◆ Data records:
=-=-=-=-=

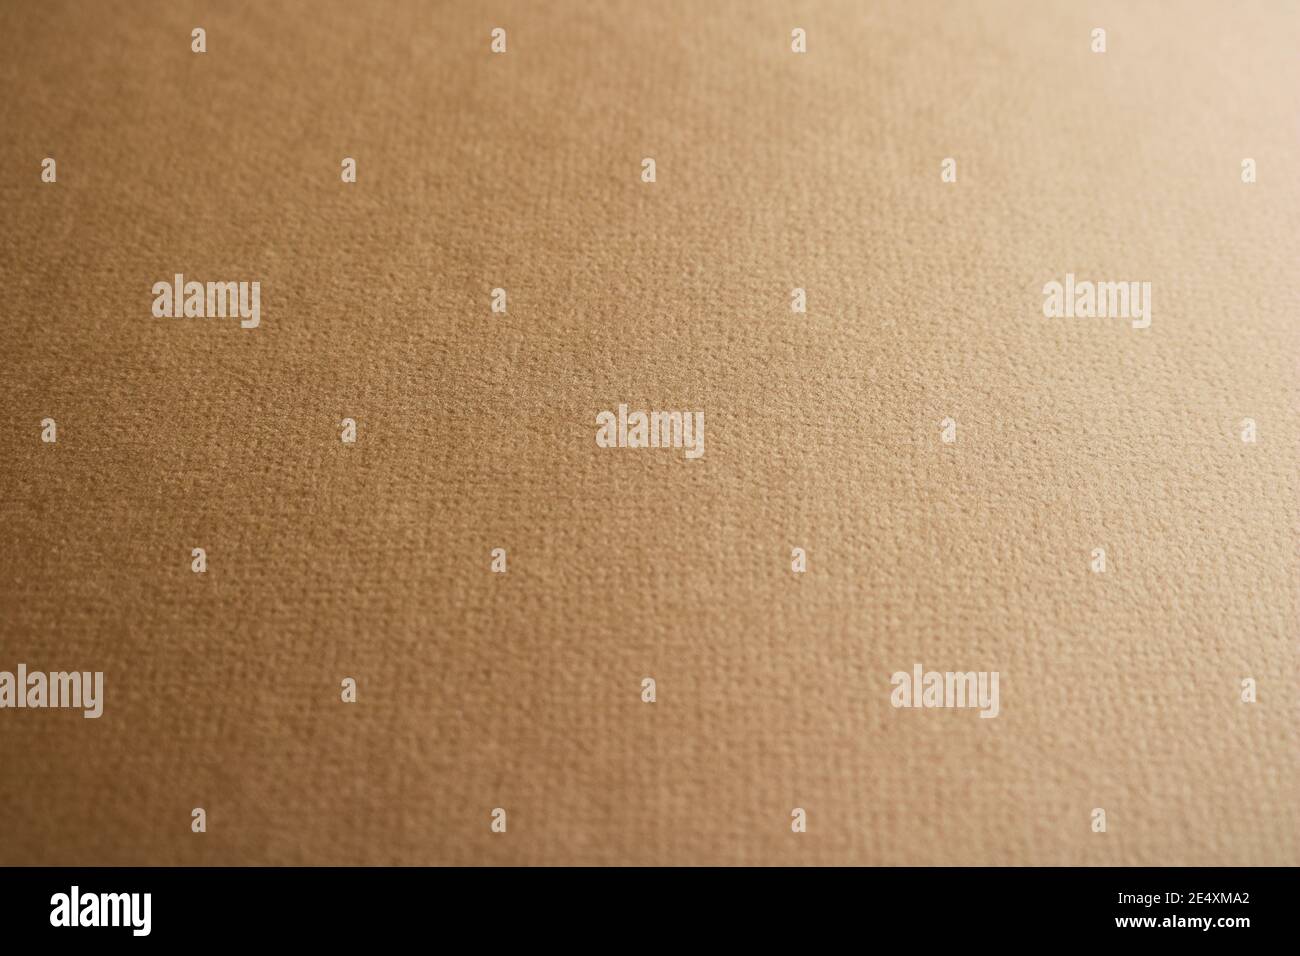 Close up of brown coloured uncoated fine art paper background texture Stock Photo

=-=-=-=-=

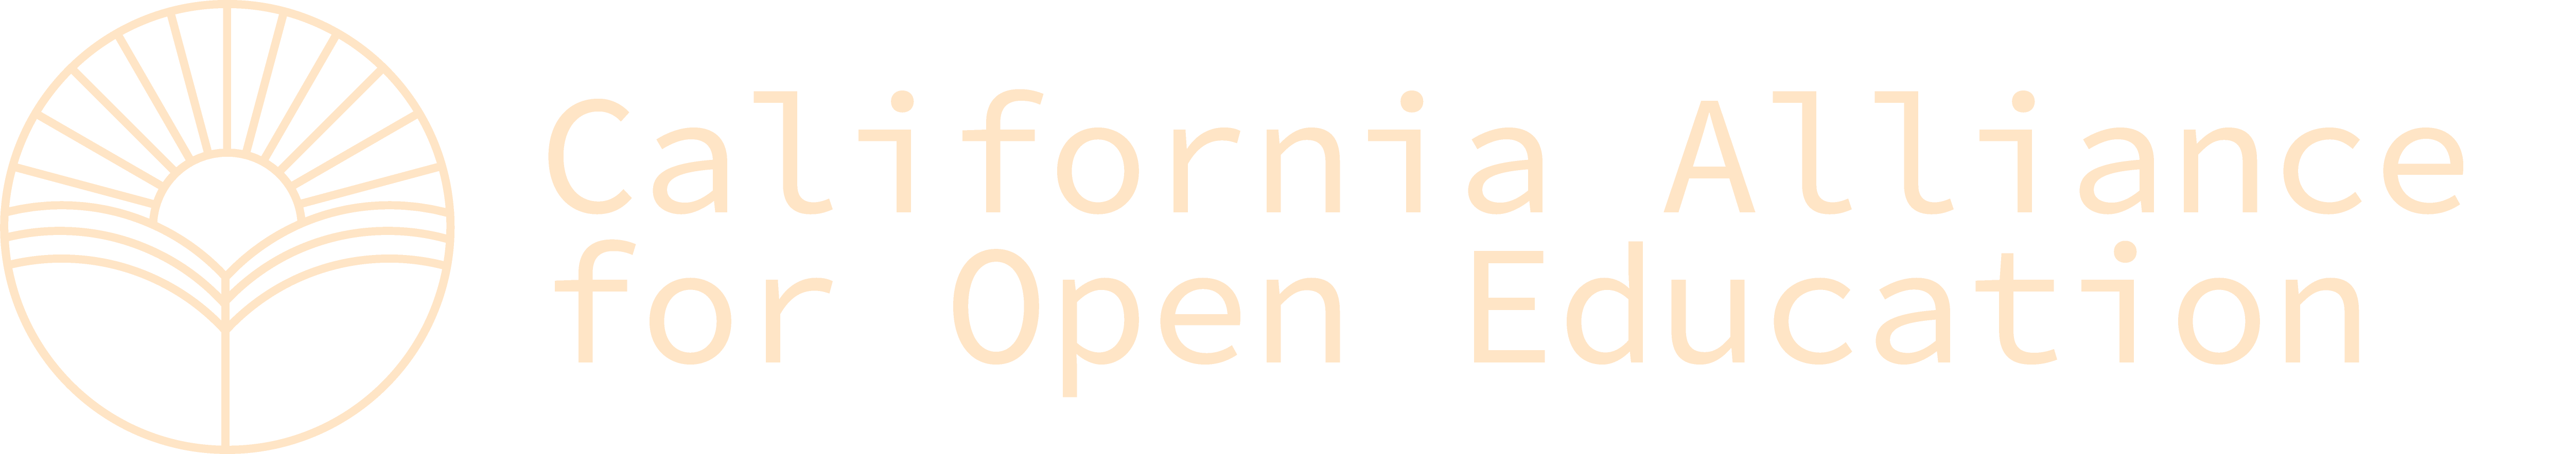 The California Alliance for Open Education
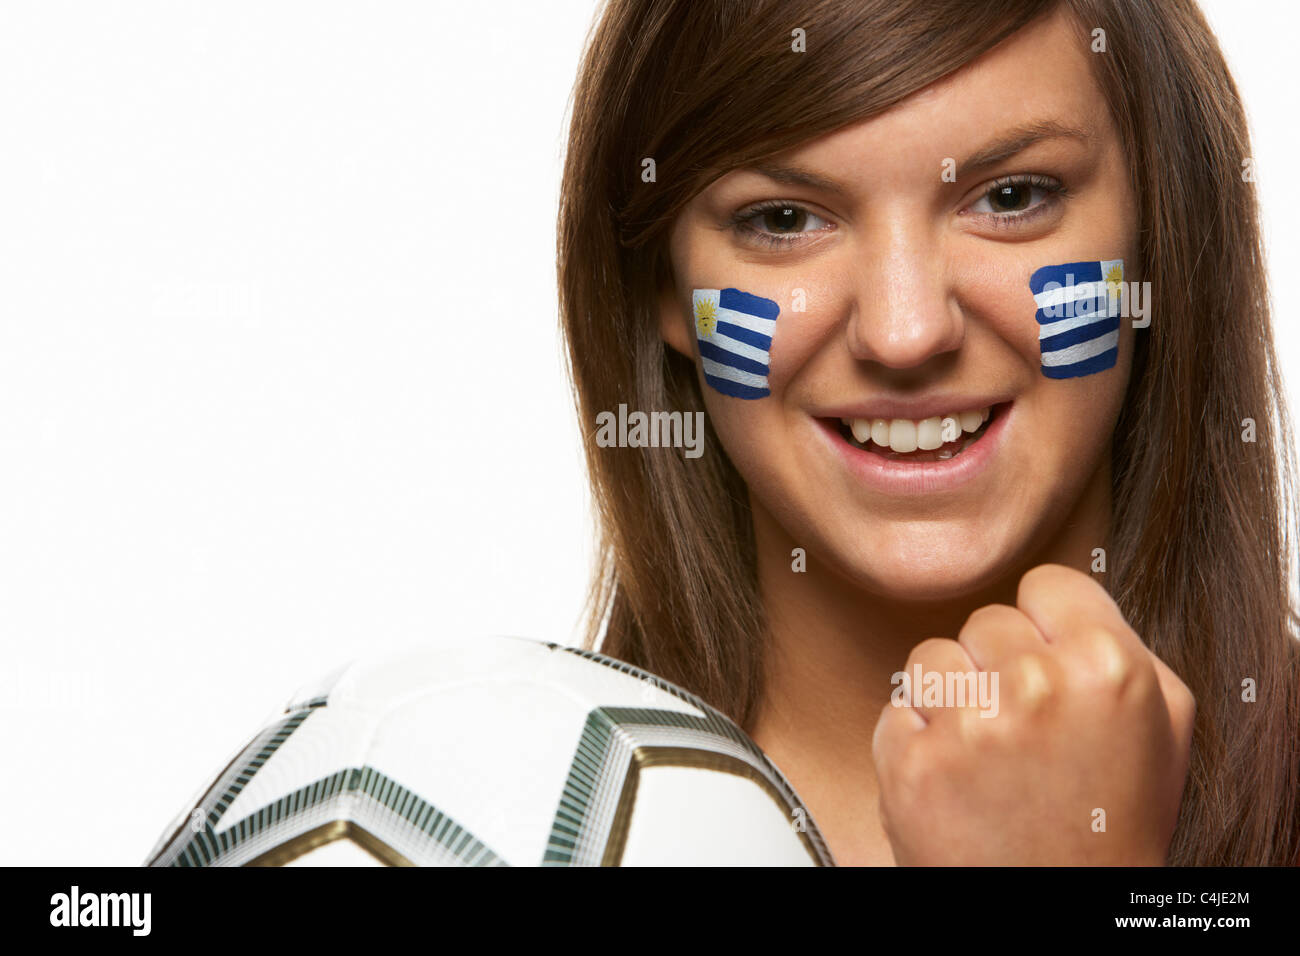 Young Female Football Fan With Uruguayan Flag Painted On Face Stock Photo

=-=-=-=-=

◆ Exercise goal:
Repeat, word for word, the lines of the material above from the one holding "The California Alliance for Open Education" through the one holding "Young Female Football". Leave out pictures.

◆ Response to the exercise:
 The California Alliance for Open Education
 Young Female Football Fan With Uruguayan Flag Painted On Face Stock Photo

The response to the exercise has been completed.